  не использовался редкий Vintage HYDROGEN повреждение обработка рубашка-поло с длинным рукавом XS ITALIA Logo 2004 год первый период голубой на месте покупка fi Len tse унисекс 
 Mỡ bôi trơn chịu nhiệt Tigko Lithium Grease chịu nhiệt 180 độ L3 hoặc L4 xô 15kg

==

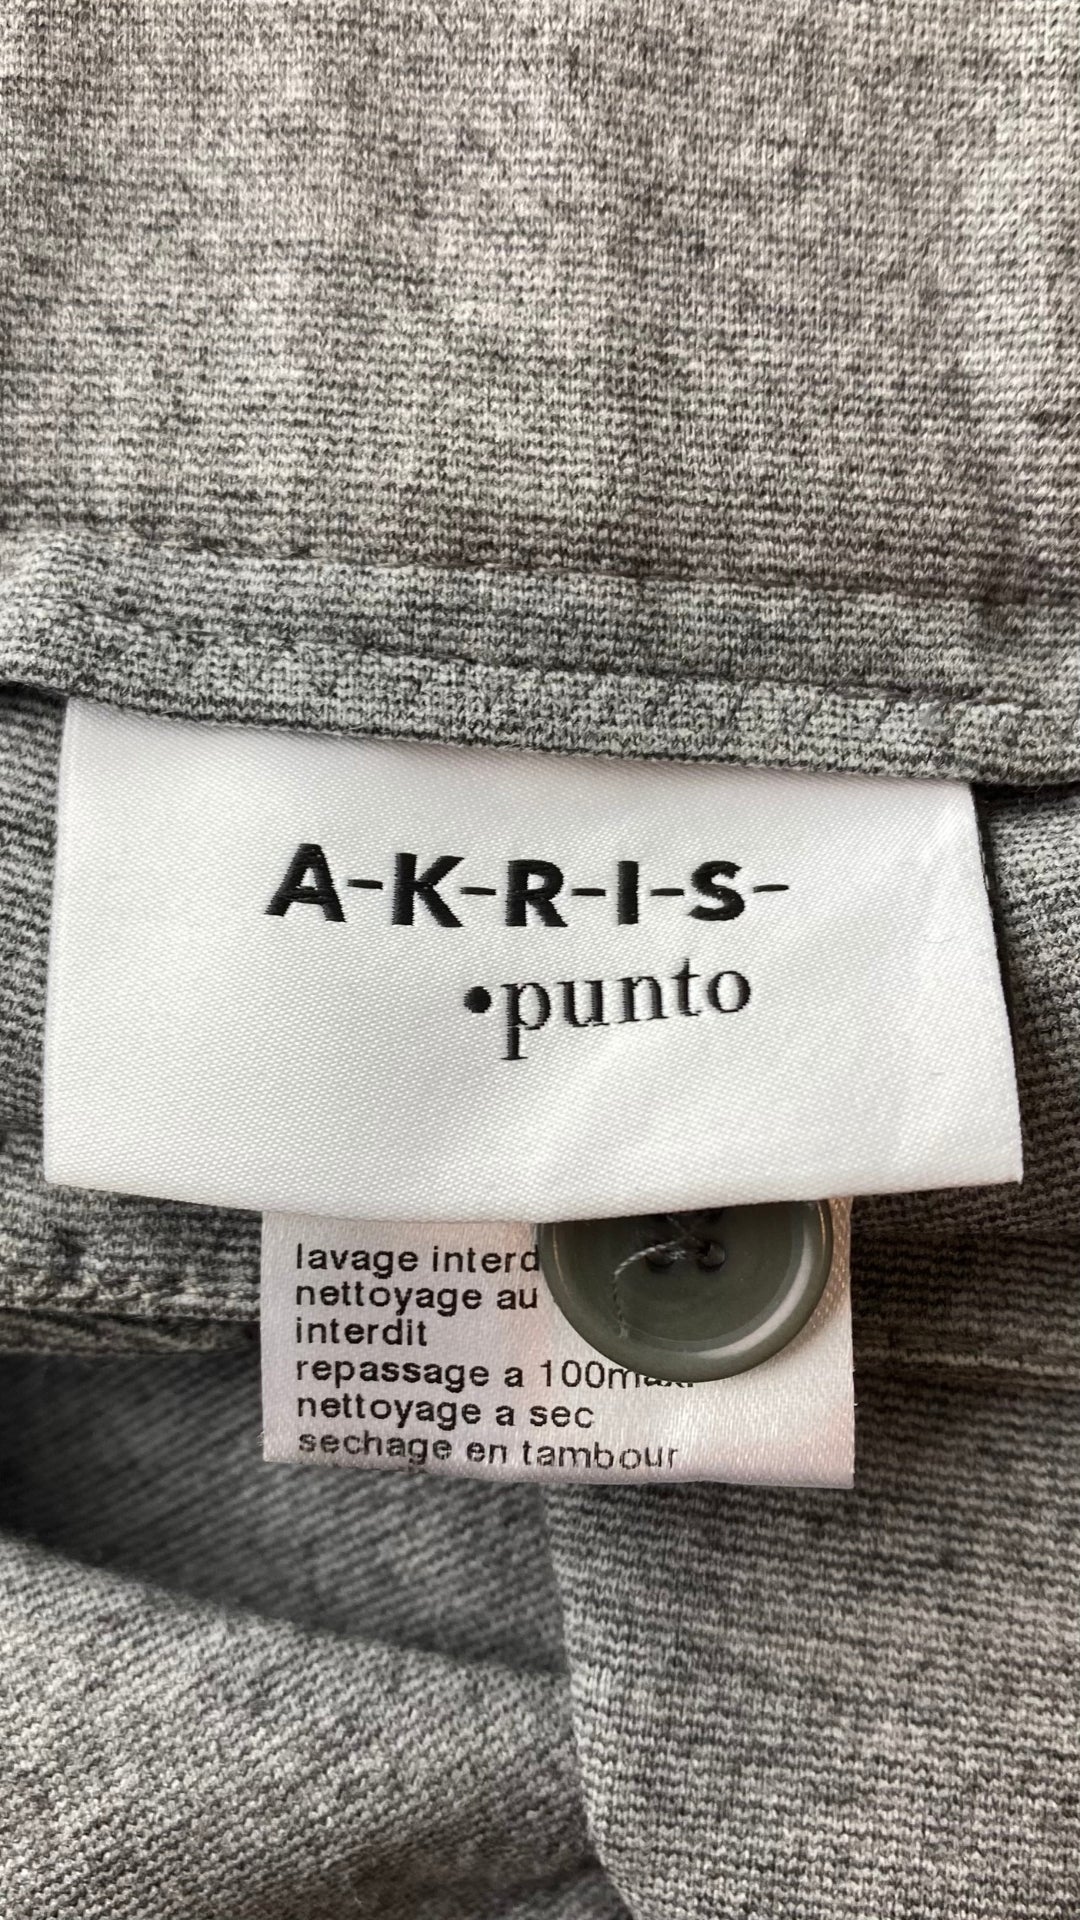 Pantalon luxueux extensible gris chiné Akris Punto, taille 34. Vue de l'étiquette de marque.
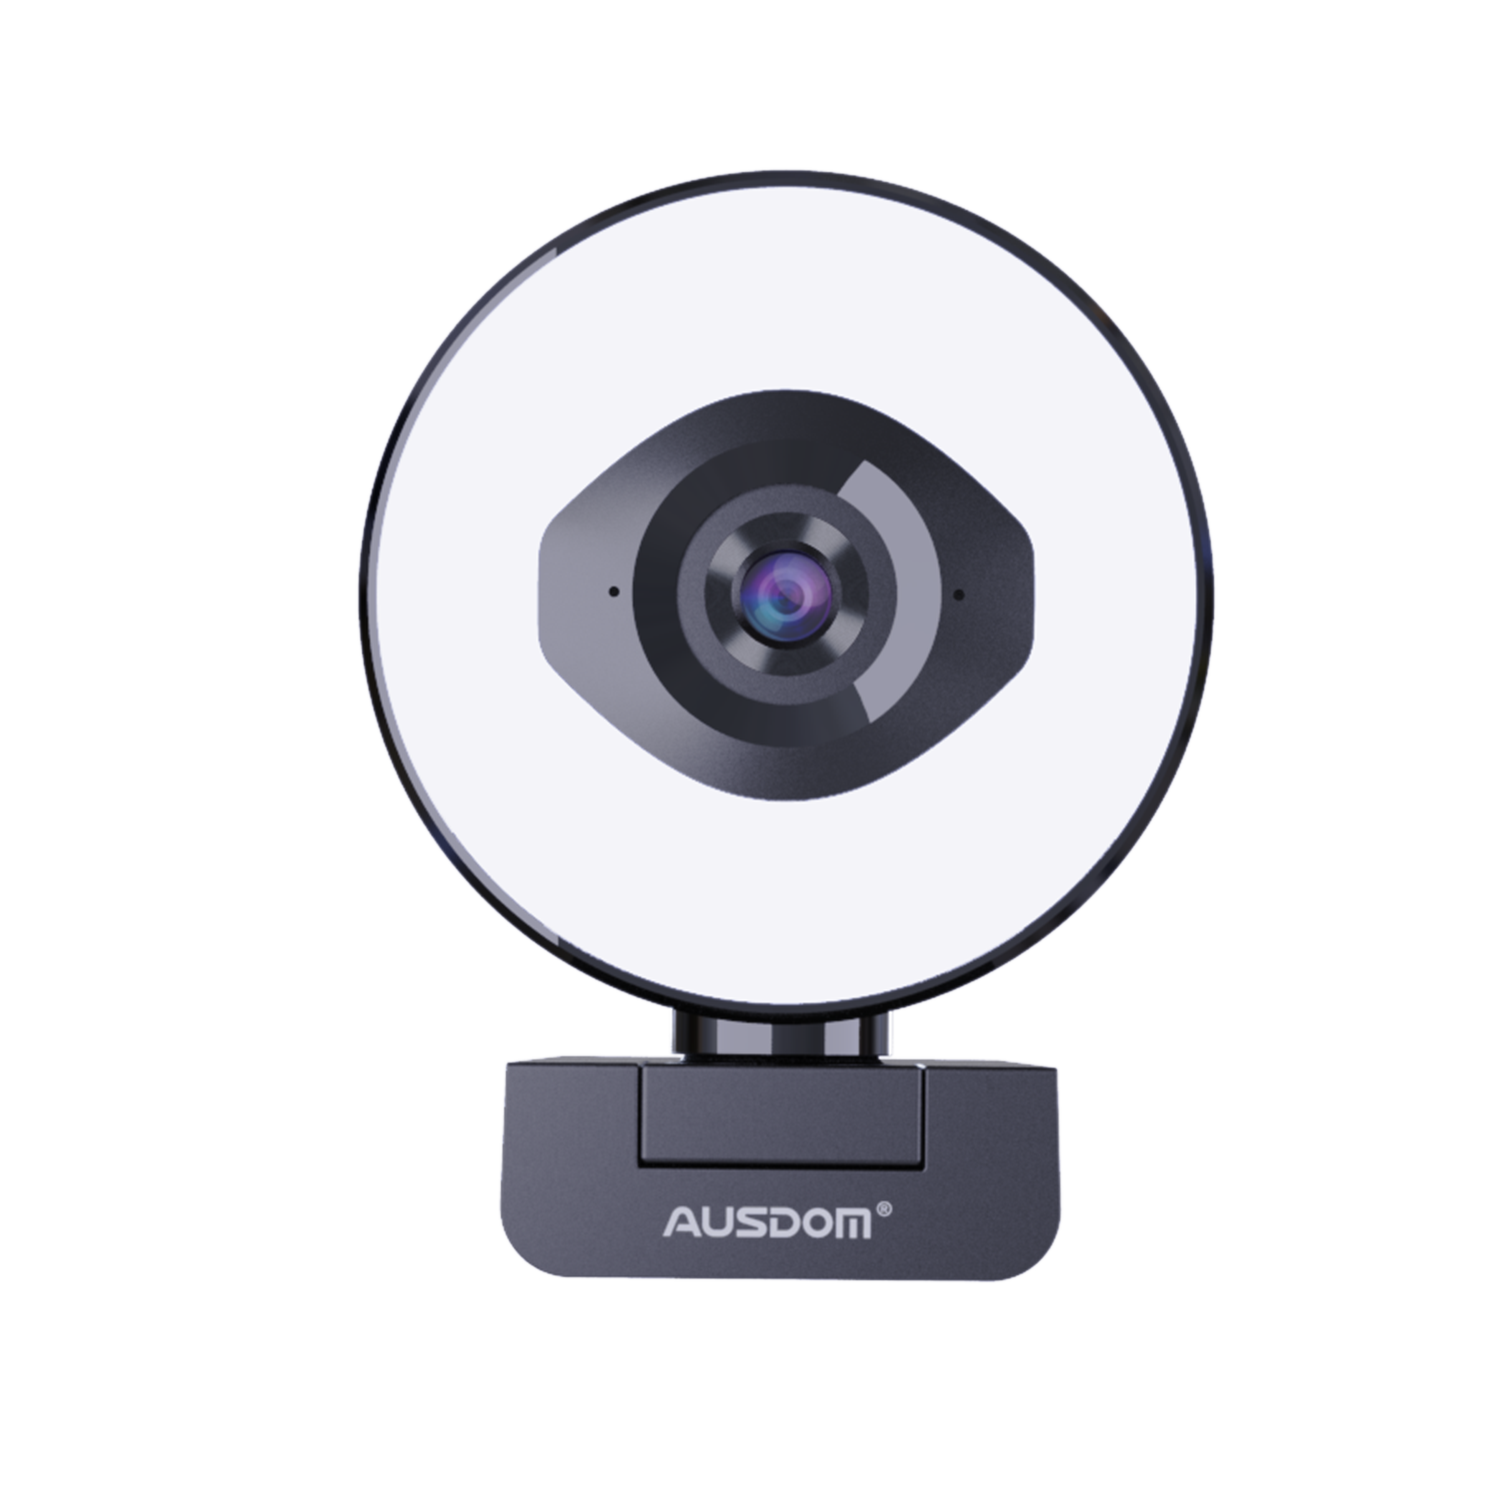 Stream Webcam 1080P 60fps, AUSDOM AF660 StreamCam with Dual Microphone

### REQUIRED WORK:
Of the lines above, extract only those from the line with "не использовался редкий" to the line with "Mỡ bôi trơn", both included, exactly as written.

### RESPONSE:
  не использовался редкий Vintage HYDROGEN повреждение обработка рубашка-поло с длинным рукавом XS ITALIA Logo 2004 год первый период голубой на месте покупка fi Len tse унисекс 
 Mỡ bôi trơn chịu nhiệt Tigko Lithium Grease chịu nhiệt 180 độ L3 hoặc L4 xô 15kg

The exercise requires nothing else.